(RECORDED DATA):

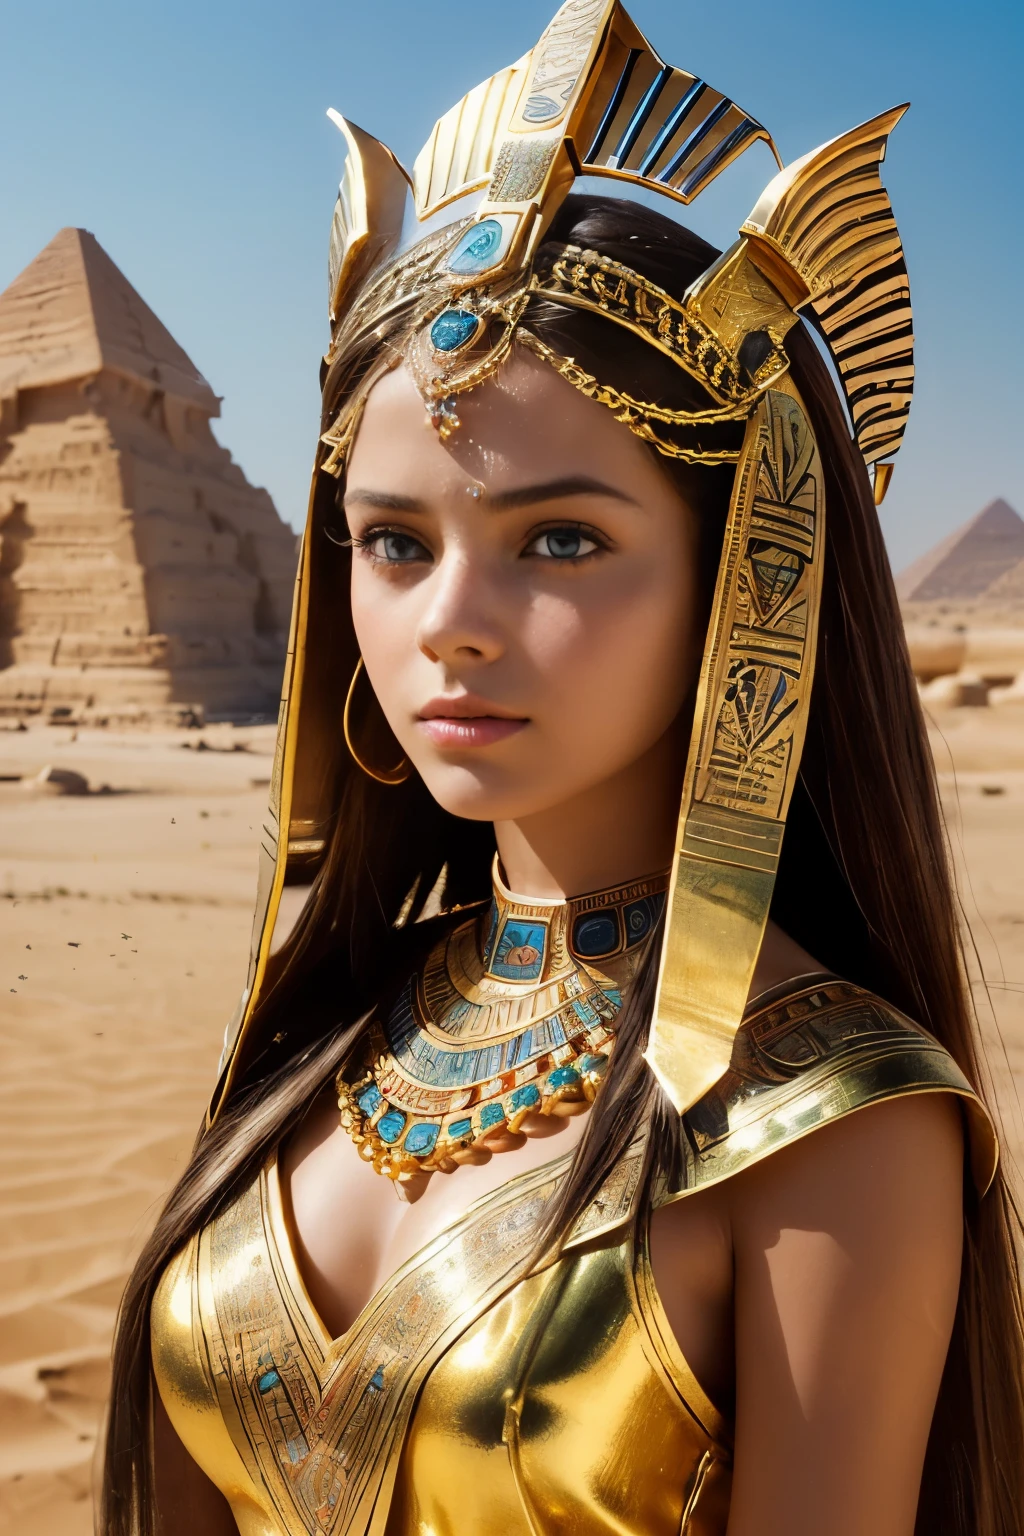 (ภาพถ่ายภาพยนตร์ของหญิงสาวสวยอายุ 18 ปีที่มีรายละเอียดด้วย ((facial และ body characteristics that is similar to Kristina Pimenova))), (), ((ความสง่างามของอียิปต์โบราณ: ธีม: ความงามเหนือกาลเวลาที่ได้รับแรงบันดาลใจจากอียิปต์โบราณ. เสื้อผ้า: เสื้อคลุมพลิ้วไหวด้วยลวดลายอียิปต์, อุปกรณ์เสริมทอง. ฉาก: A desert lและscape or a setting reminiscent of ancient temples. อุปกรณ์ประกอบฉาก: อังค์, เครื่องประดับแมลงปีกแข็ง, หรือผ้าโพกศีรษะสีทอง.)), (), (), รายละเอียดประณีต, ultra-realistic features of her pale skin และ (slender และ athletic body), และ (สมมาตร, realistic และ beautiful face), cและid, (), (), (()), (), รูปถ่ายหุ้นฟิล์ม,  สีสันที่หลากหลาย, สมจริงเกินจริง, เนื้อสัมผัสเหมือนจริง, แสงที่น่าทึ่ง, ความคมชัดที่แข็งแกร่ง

...

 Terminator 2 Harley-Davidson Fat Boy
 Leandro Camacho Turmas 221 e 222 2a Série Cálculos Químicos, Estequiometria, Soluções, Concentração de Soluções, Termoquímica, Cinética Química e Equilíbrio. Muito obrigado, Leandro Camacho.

--

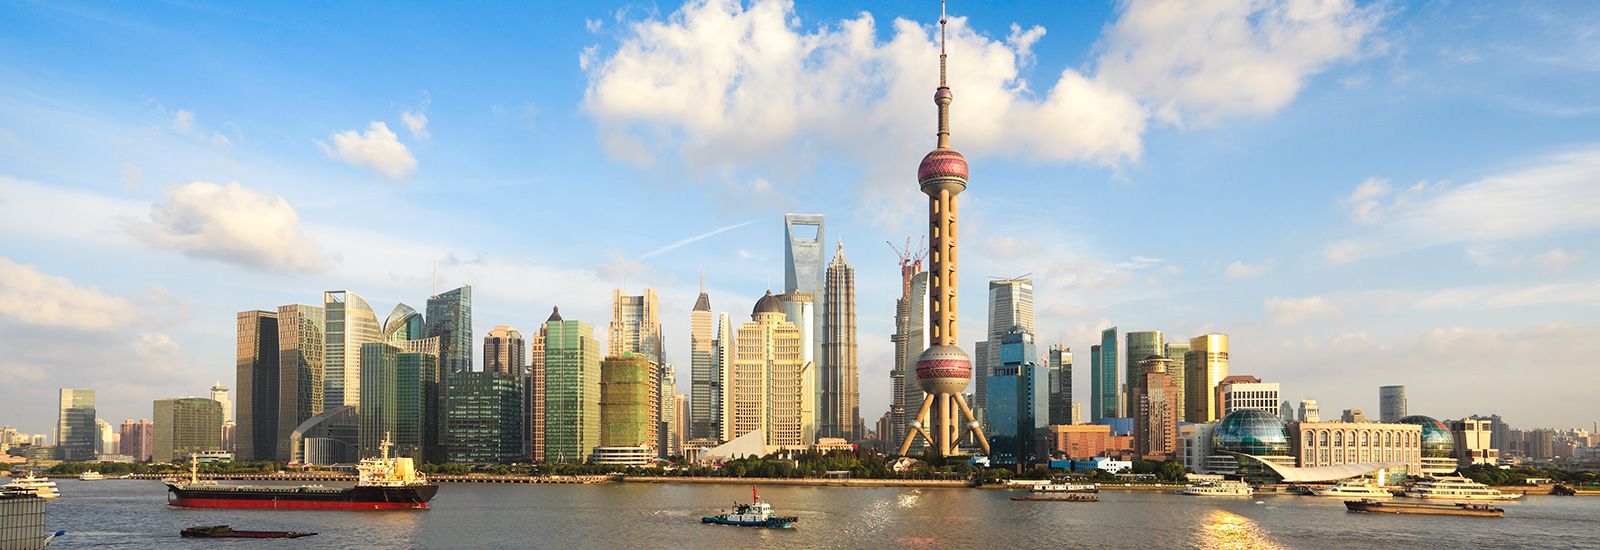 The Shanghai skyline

(TASK DETAILS): In the listing above, find the line with "Terminator 2 Harley-Davidson Fat Boy" and the line with "Leandro Camacho Turmas"; set down exactly those two lines and every line between them, nothing more.

(ANSWER SPACE):
 Terminator 2 Harley-Davidson Fat Boy
 Leandro Camacho Turmas 221 e 222 2a Série Cálculos Químicos, Estequiometria, Soluções, Concentração de Soluções, Termoquímica, Cinética Química e Equilíbrio. Muito obrigado, Leandro Camacho.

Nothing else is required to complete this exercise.